■ **Instructions to follow**
In the records below, the relevant part opens with the line containing "The new Toyota" and closes with the line containing "Fresh Spotted Tuna, Tonngol"; print that part exactly and only, without its pictures.

── Material provided ──

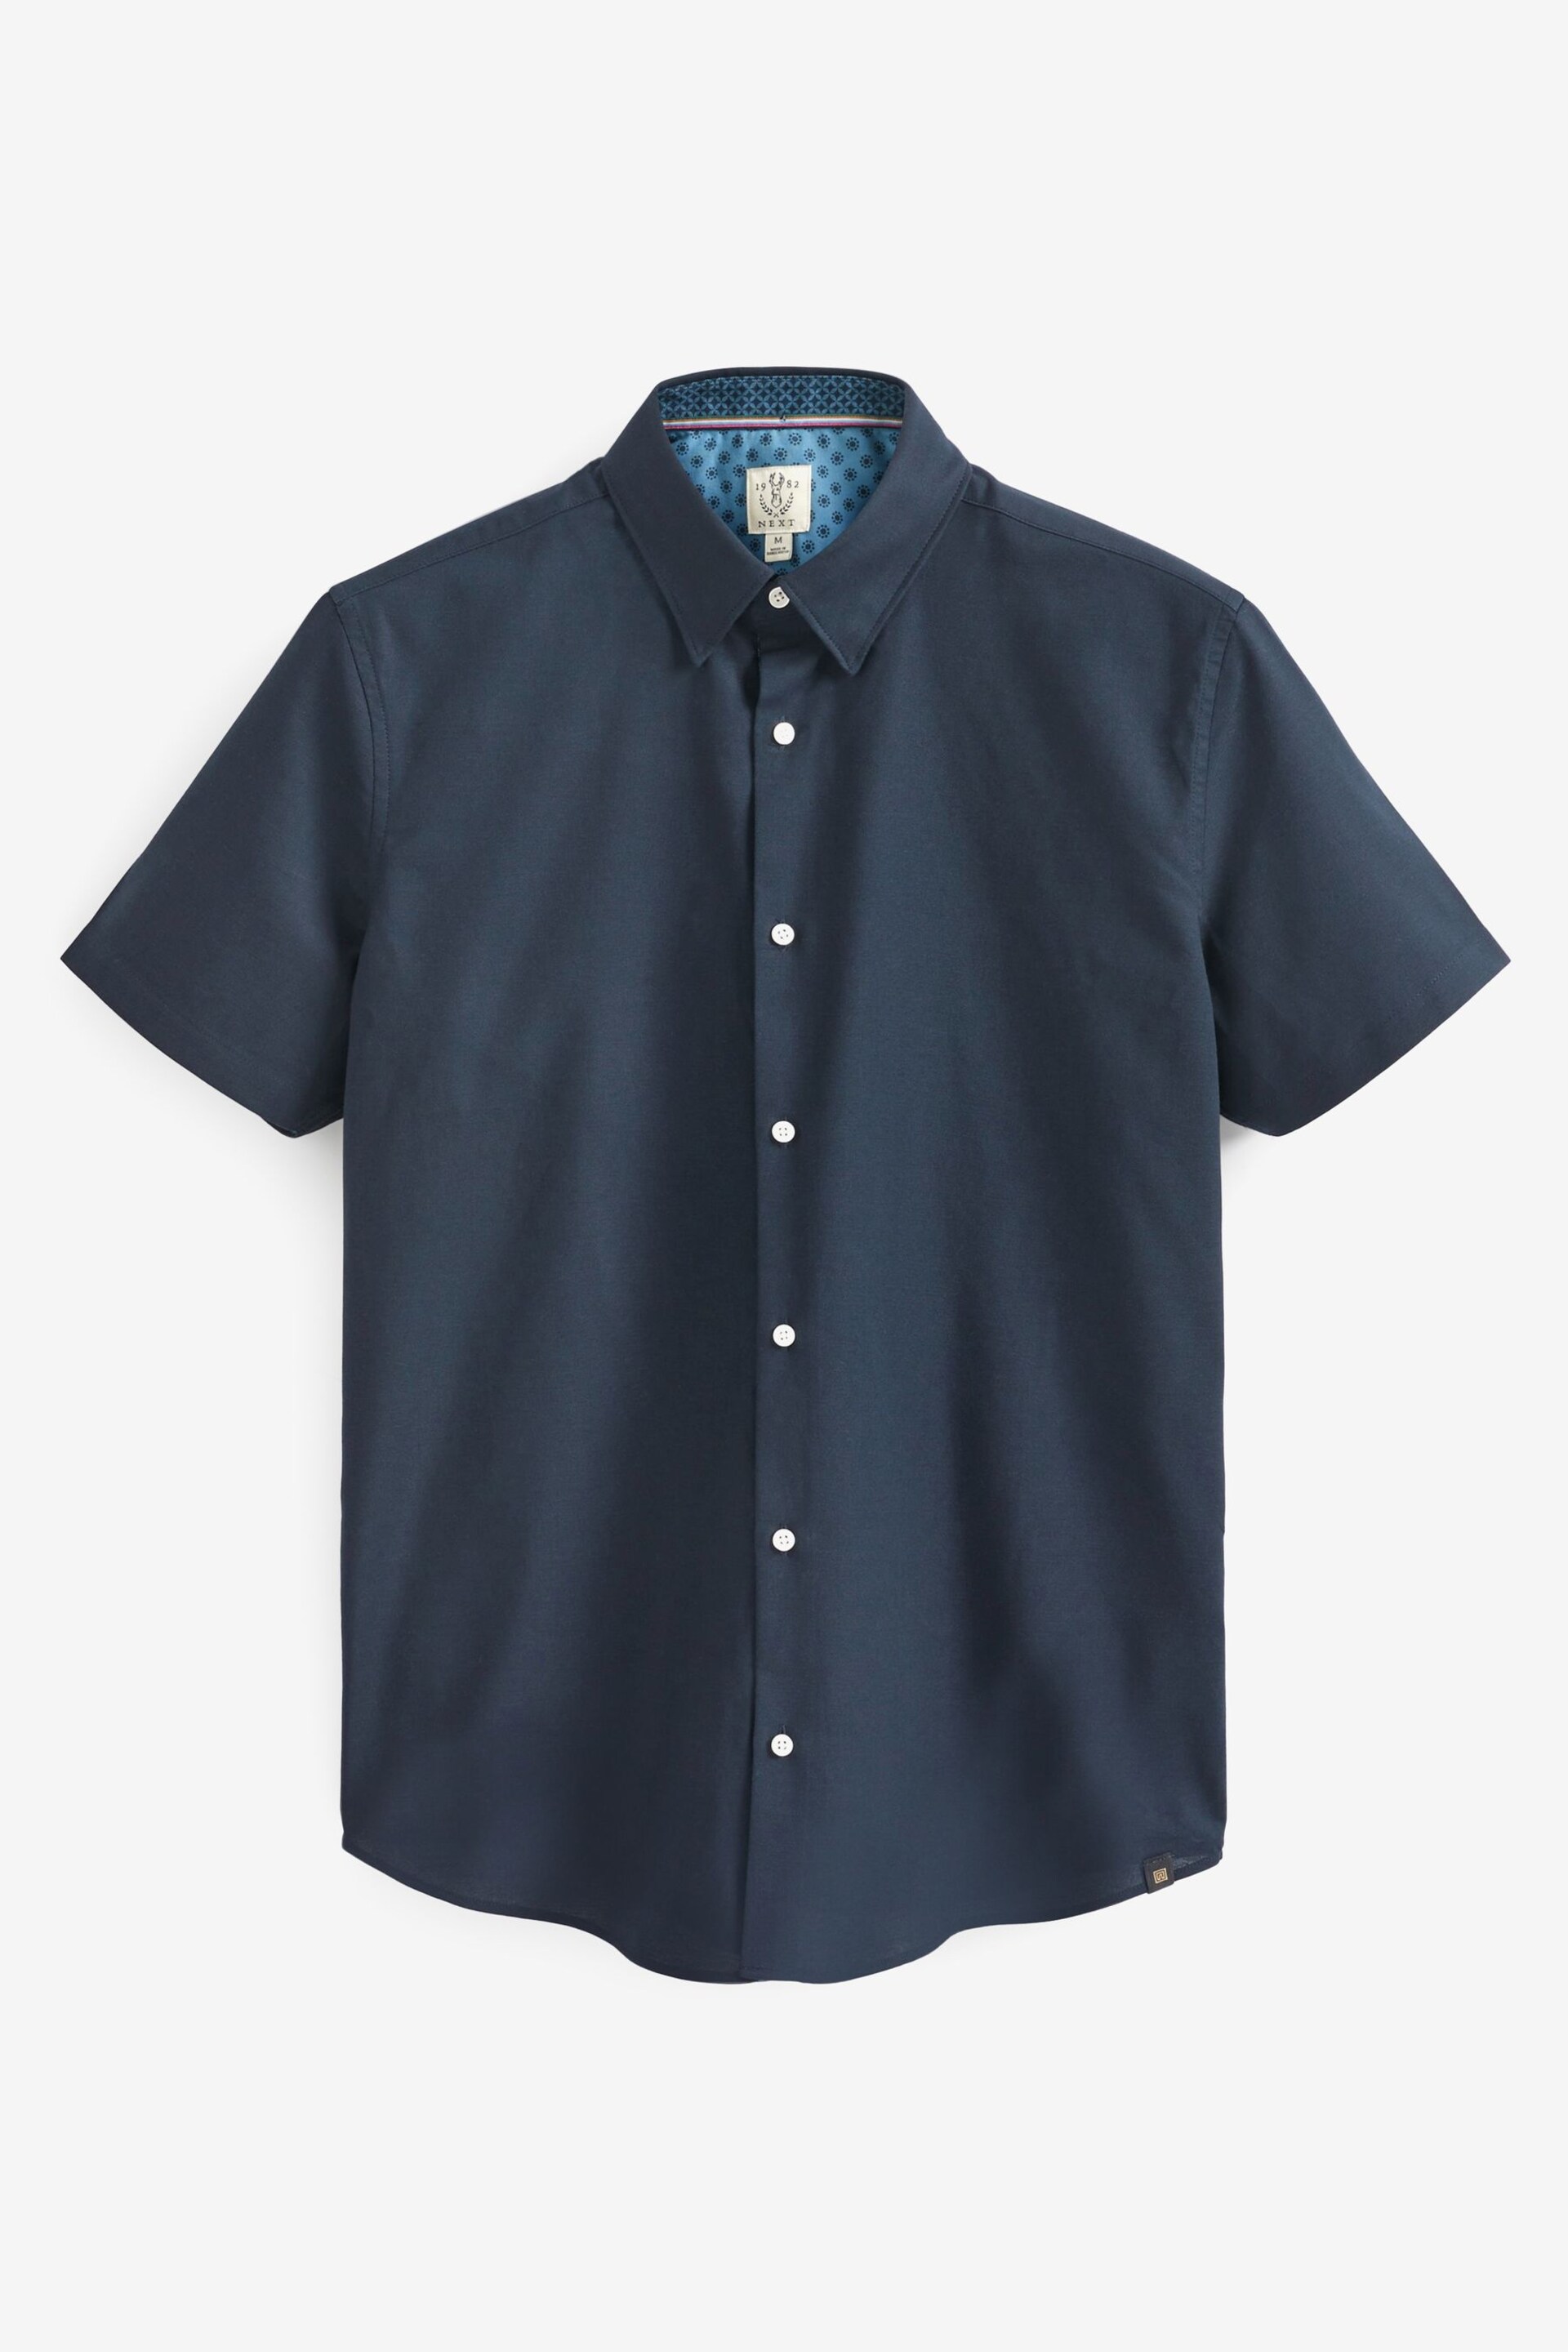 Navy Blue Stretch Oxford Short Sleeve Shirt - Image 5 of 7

───
── Material provided ──

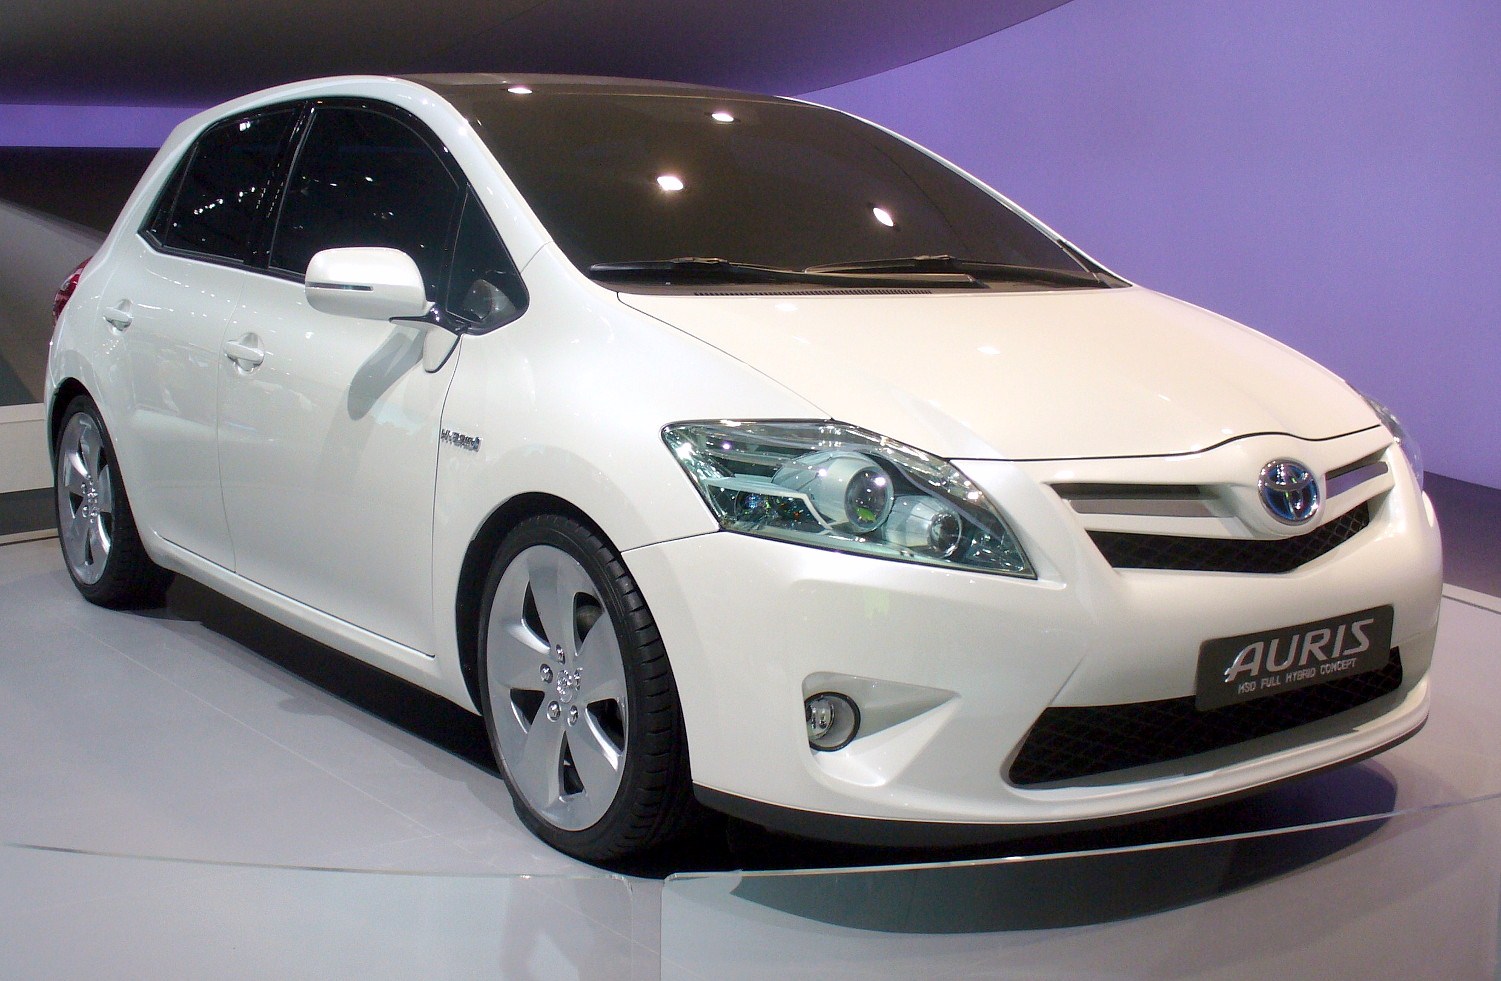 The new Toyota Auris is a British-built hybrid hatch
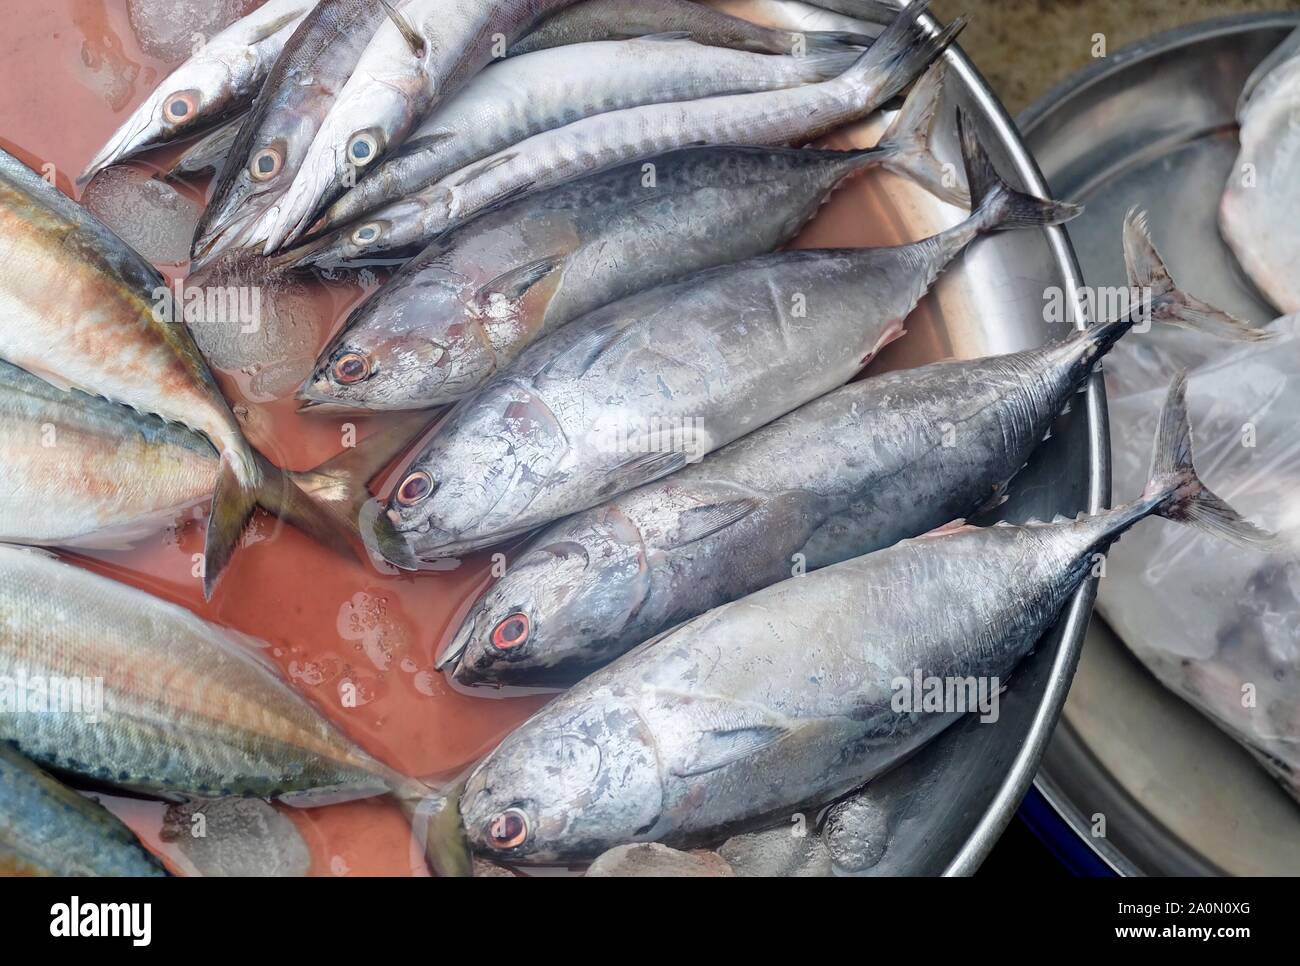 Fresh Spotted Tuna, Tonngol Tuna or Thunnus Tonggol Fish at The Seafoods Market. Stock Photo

───

■ **Answer to this problem**
 The new Toyota Auris is a British-built hybrid hatch
 Fresh Spotted Tuna, Tonngol Tuna or Thunnus Tonggol Fish at The Seafoods Market. Stock Photo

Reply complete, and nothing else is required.